Segment Open

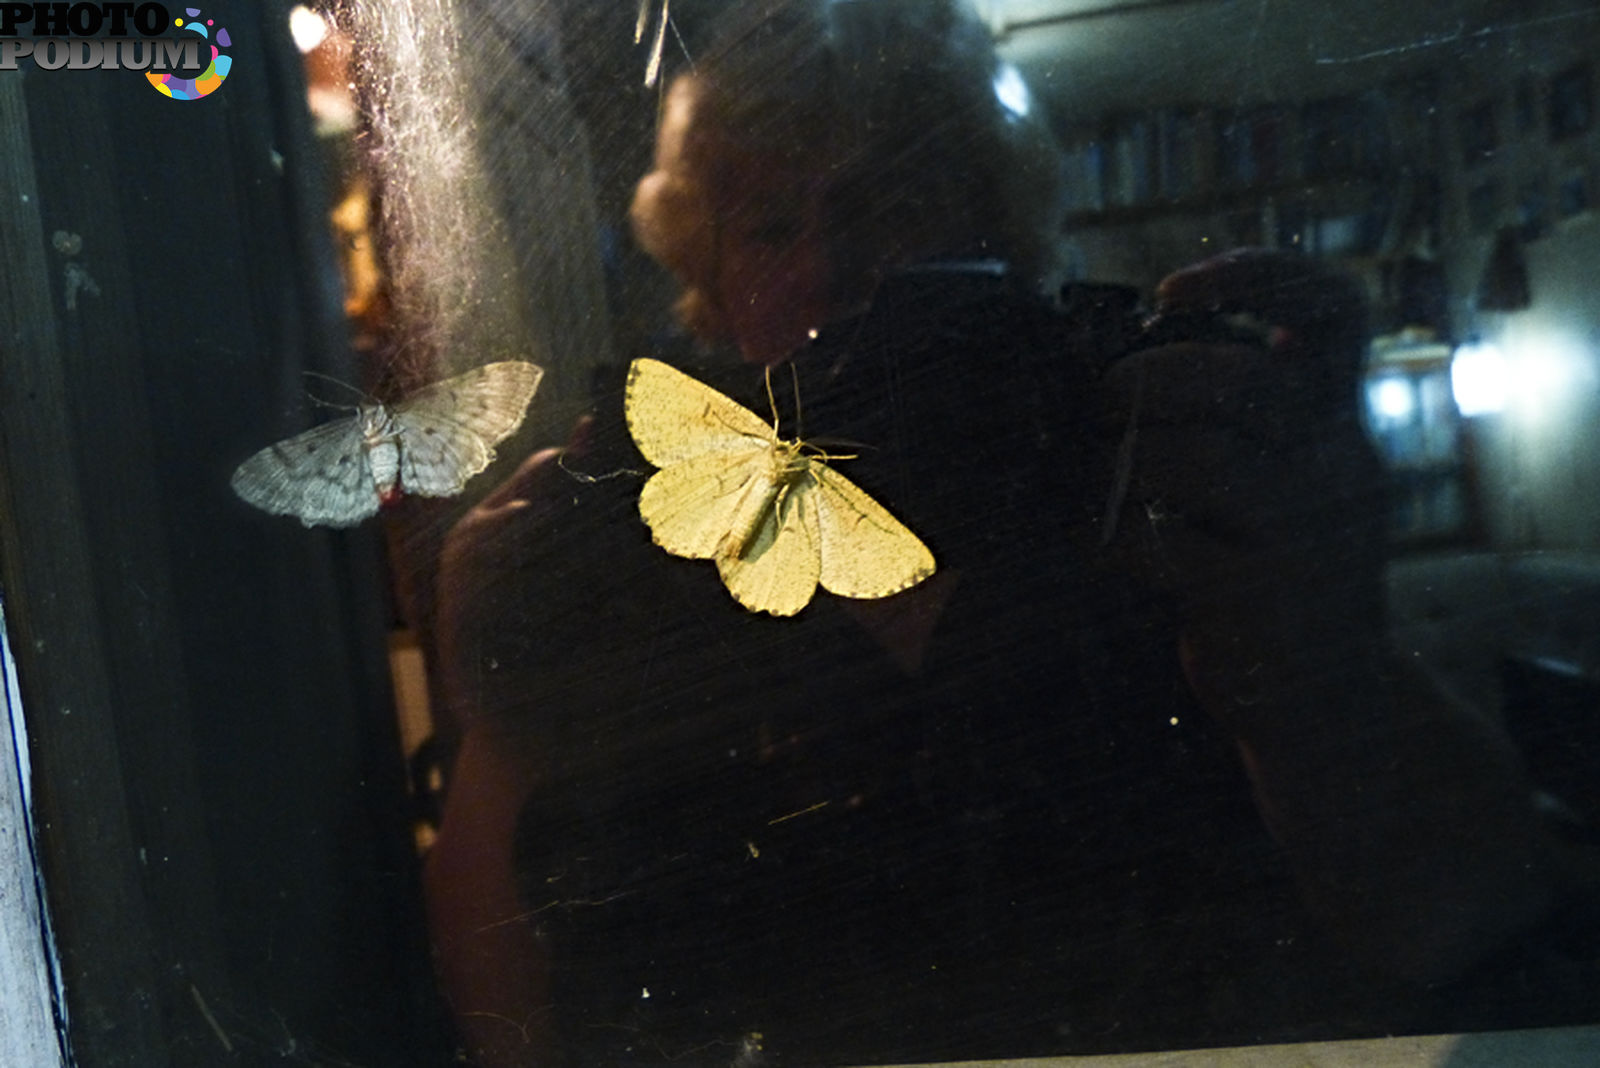 Ночная бабочка садится на раскрытую книгу
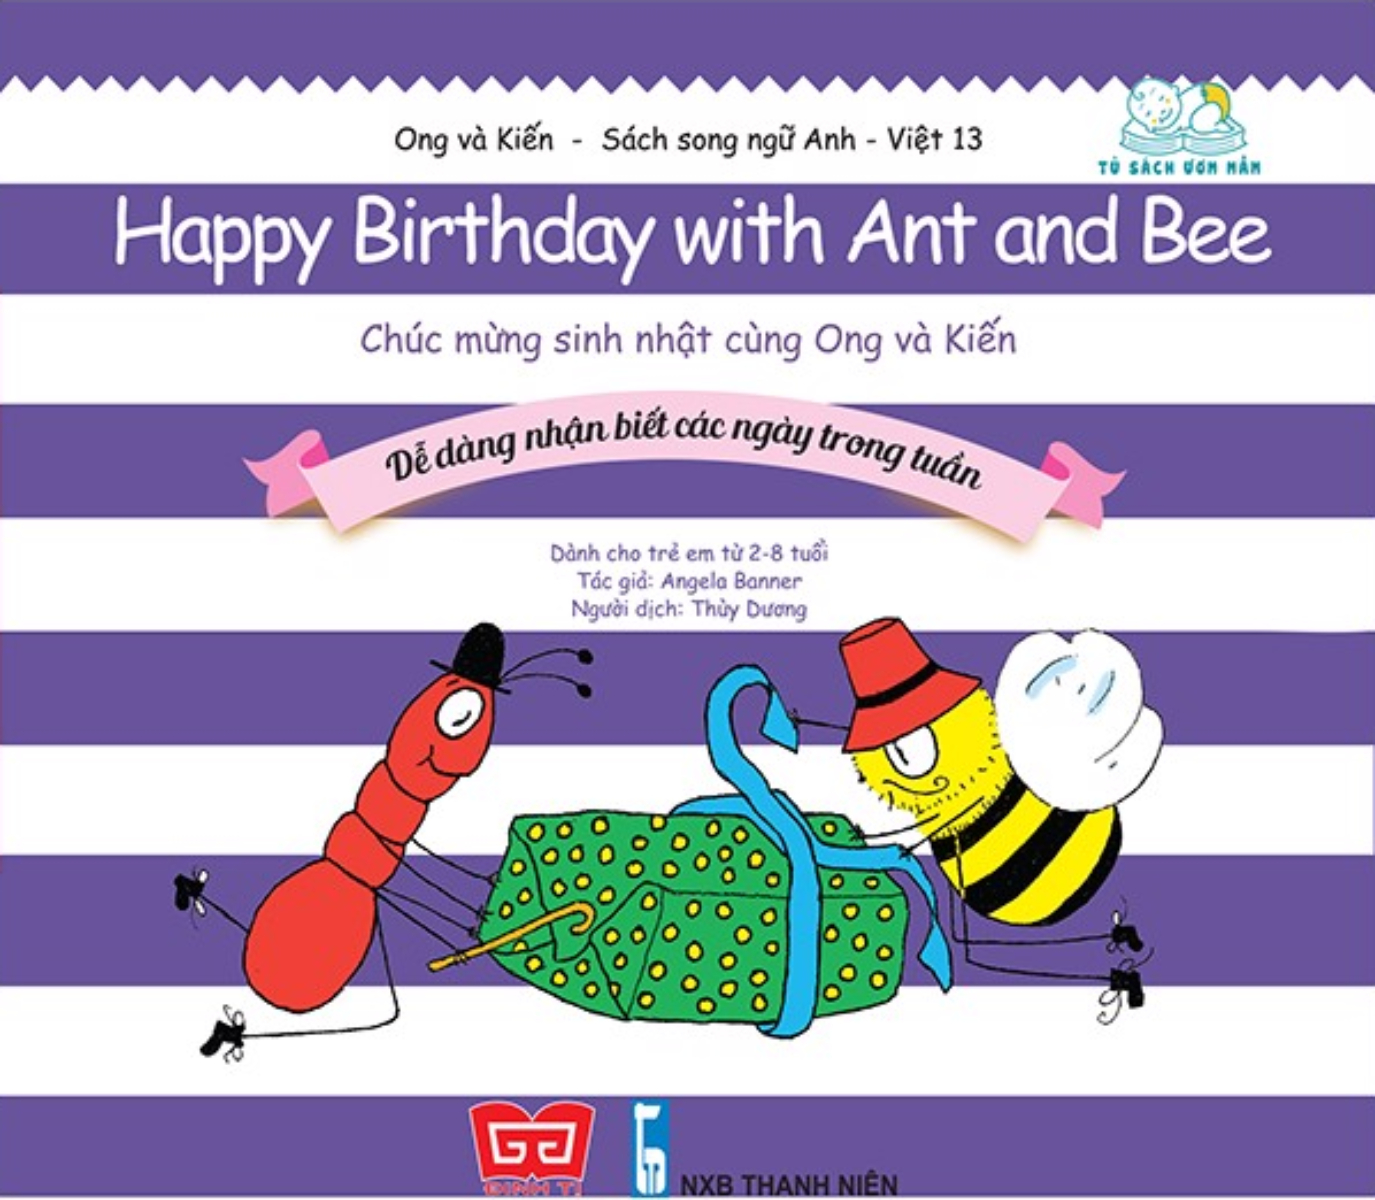 Ong Và Kiến - Tập 13 - Happy Birthday With Ant And Bee - Chúc Mừng Sinh Nhật Cùng Ong Và Kiến - Dễ Dàng Nhận Biết Các Ngày Trong Tuần
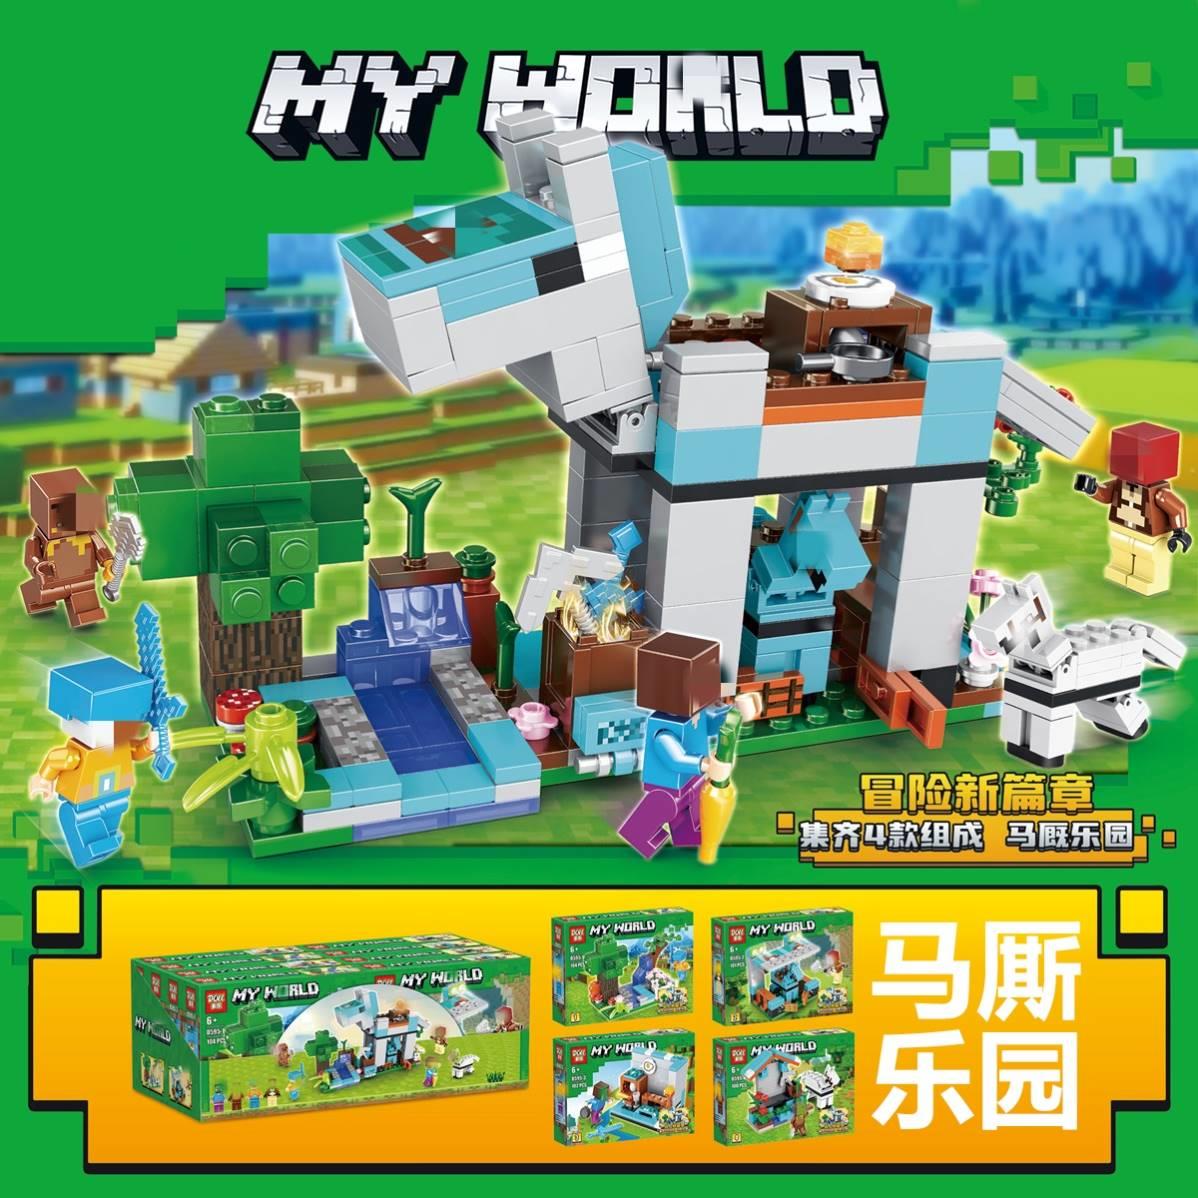 我的世界游戏周边场景模型玩具套装寒冰飞龙马厮乐园拼装积木人仔

Segment Closed

Take the listing above and restate it word for word, without its pictures.

 Ночная бабочка садится на раскрытую книгу
 Ong Và Kiến - Tập 13 - Happy Birthday With Ant And Bee - Chúc Mừng Sinh Nhật Cùng Ong Và Kiến - Dễ Dàng Nhận Biết Các Ngày Trong Tuần
 我的世界游戏周边场景模型玩具套装寒冰飞龙马厮乐园拼装积木人仔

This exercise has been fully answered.